Tuck reeled backward, away from the teenager in a newsboy’s cap who had leaped in front of him. “Huh?” He blinked and shook off the shock of the interruption.
The boy brandished a newspaper at him. The headline blared what he had shouted. Tuck looked up at the castle. From his position so close to the wall, the only part he could see was the very top of one of the turrets, pointing an accusing arrow at the overcast sky. Tuck’s childhood home sat on a hill above the city, with a direct view of the castle and its grounds. When he was younger, Tuck would sit in his bedroom and stare down at it. He imagined what it would be like to be allowed to go there and play with Prince Frederick. He knew that some children did. A few of his classmates had come back talking about how Prince Frederick had a dollhouse in his room that was an exact replica of the castle, right down to the little plastic fish in the garden pond and toy people that looked like the royal family. Tuck had never been invited to go. He never did figure out what was so special about the other children. Now Tuck lived by himself next door to his family’s shop. He’d lost his view of the castle, but he still remembered the sight.

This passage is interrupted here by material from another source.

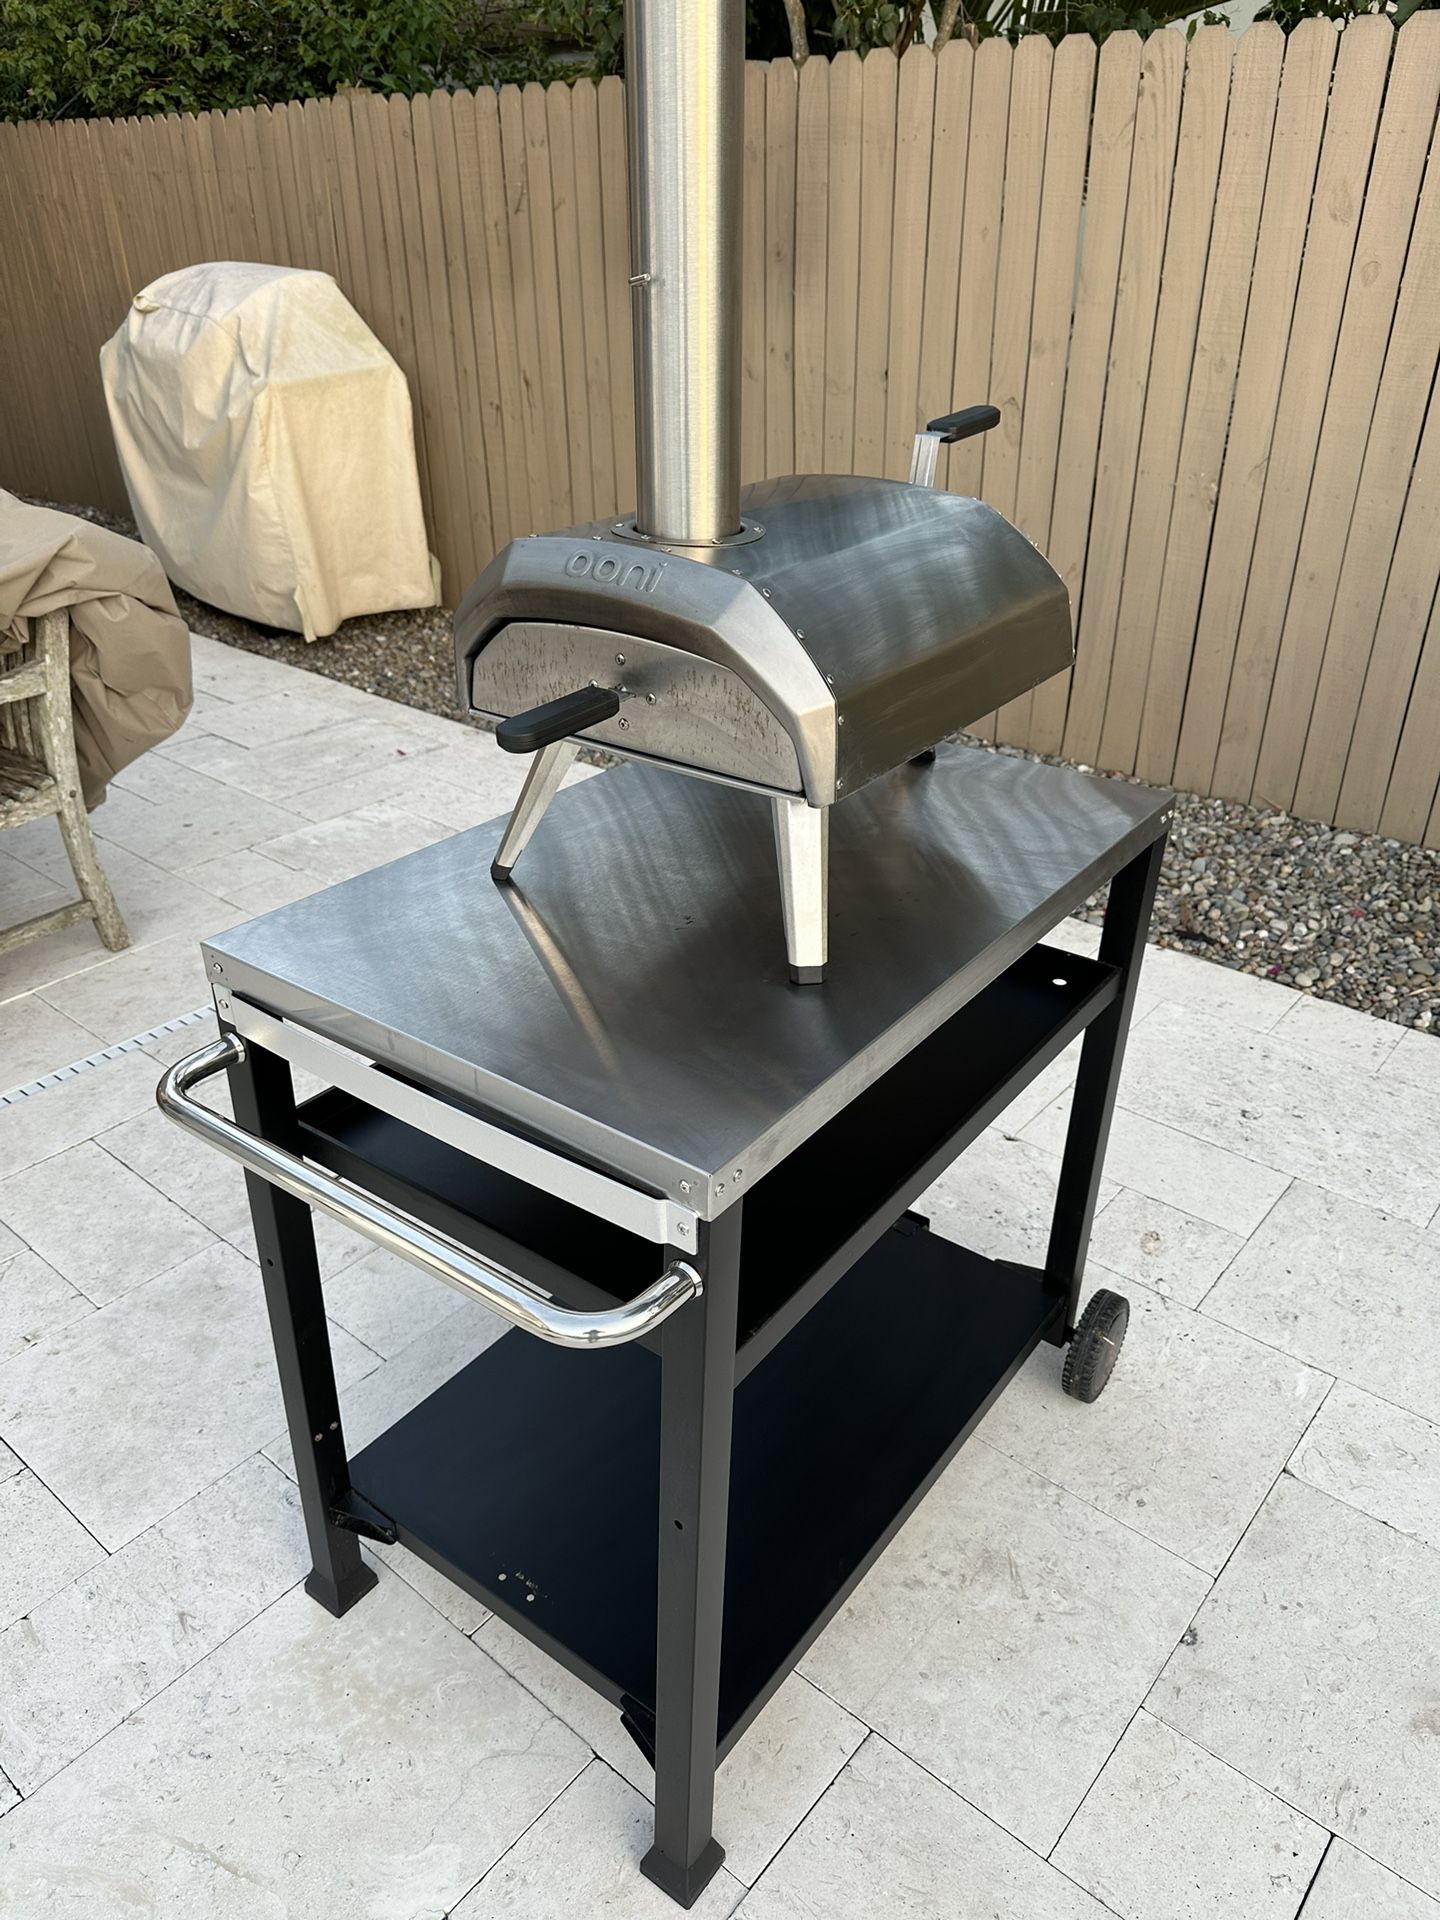 Ooni Karu 12 Pizza Oven With Outdoor Cart

But then Prince Frederick had closed the doors on the castle. It happened around his sixteenth birthday. Some said he had been rejected by a woman. Others said it was a man. But one fact remained: no one had seen the prince since the bolt slid home on the man-sized wicket door in the much larger front entrance.
Ten years ago almost to the day. Not many people remembered the exact day. They might remember it in approximations, by recalling how old they were at the time, or how old their children were.

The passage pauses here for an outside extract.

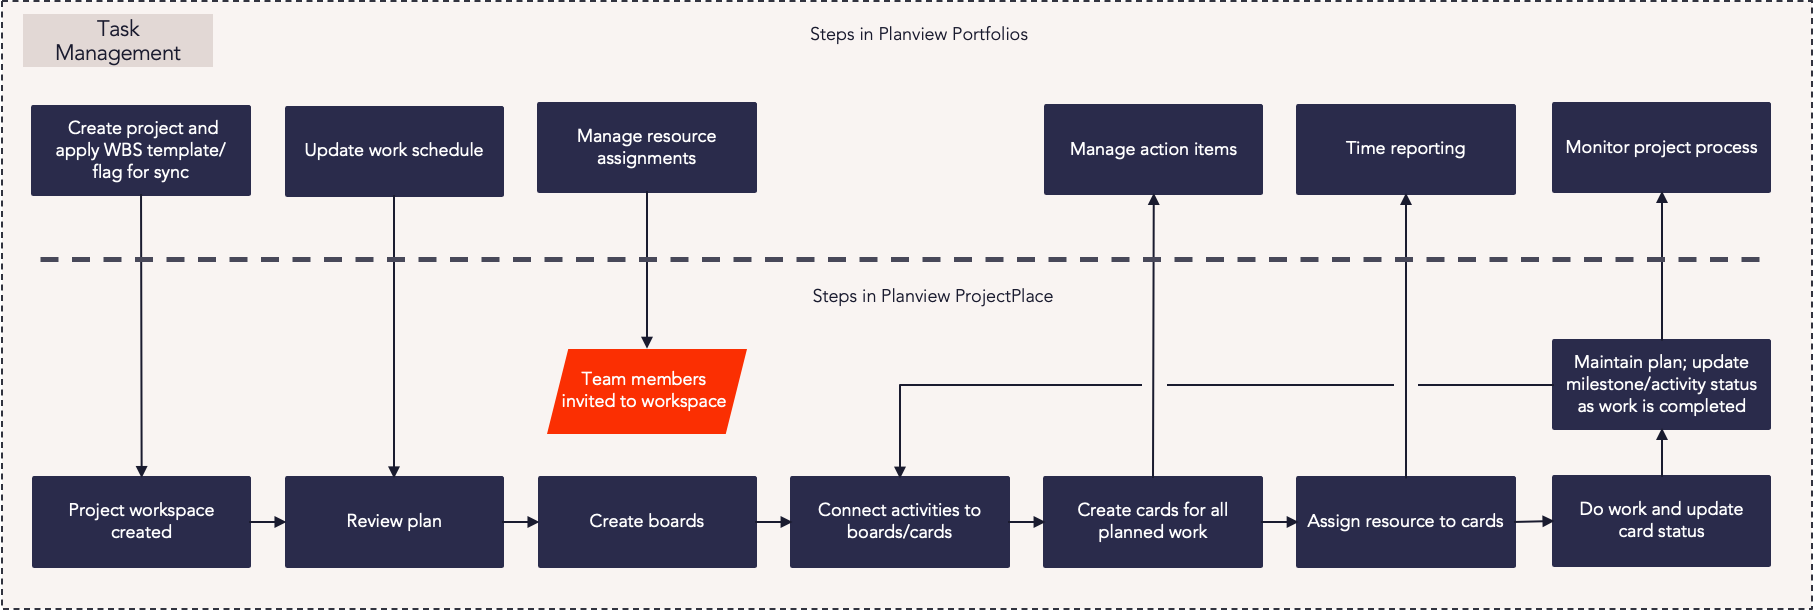 E1 Project Team Delivery - Task Management Process Flow.png

Tuck remembered it because he had been walking along the wall and had passed the door at the moment the scrape and clunk of the bolt locked the prince inside. Of course, he hadn’t known at the time what the motion would come to mean, so it was probably more accurate to say that he remembered the day not for the door closing, but for the moment before. It was still a hair’s width ajar; he had seen a sliver of a pale face, ginger hair, and a portion of a blue eye looking out. Tuck had started to hurry, trying to reach the door before it closed. He was fourteen, still young enough to be excited about playing in the castle grounds, and he was certain if he could just reach the prince in time, Prince Frederick would let him in and they could spend the day running around the gardens that Tuck had memorized from his bedroom window.
His Royal Highness Frederick Deor, Duke of Styrin, and next in line to the throne, had looked right at him. Tuck was sure of it, even though he couldn’t see more than a corner of his eye. He grinned and broke into a run.
And the door closed.
Tuck stared at it for a good minute. He kicked it, which hurt his toe more than it hurt the two-foot-thick block of wood. Part of him wanted to yell that he only desired to come in and play, but he was too old for outbursts like that. Besides, the prince was undoubtedly long gone. Tuck kicked the door again, gentler this time, then continued toward the shop.
He told his mother what had happened and waited expectantly for her to confirm his belief that Prince Frederick was a jerk for slamming the door in his face. It wasn’t until she asked him why he thought the prince was closing the door himself instead of having his groundsman do it that Tuck realized he had witnessed something seriously wrong.
With each passing day the prince remained in the castle, Tuck became more certain that was the case. The prince’s parents, King Edgar and Queen Beatrice, arrived, coming down from the royal palace that was their official home, but left that same afternoon and were portrayed in the newspaper photos looking sober. They returned from time to time, sometimes with their younger son, Prince Jasper. Each time, photographers waiting at the gate captured departing expressions just as serious as the ones they’d worn on that first visit.
Singing sometimes wafted over the town, drifting as far as the window where Tuck lay abed. When he turned his thoughts to it and forced himself to choose from the rumors presented, Tuck joined in the common belief that the singing belonged to the prince. He stopped short of agreeing or disagreeing with the notion that it was Prince Frederick’s ghost, but he heard pain in those long notes, sorrow perhaps, neglect… all emotions that he believed the prince to feel based on that fleeting moment when he had looked into Prince Frederick’s eye as he closed the castle grounds door for the last time.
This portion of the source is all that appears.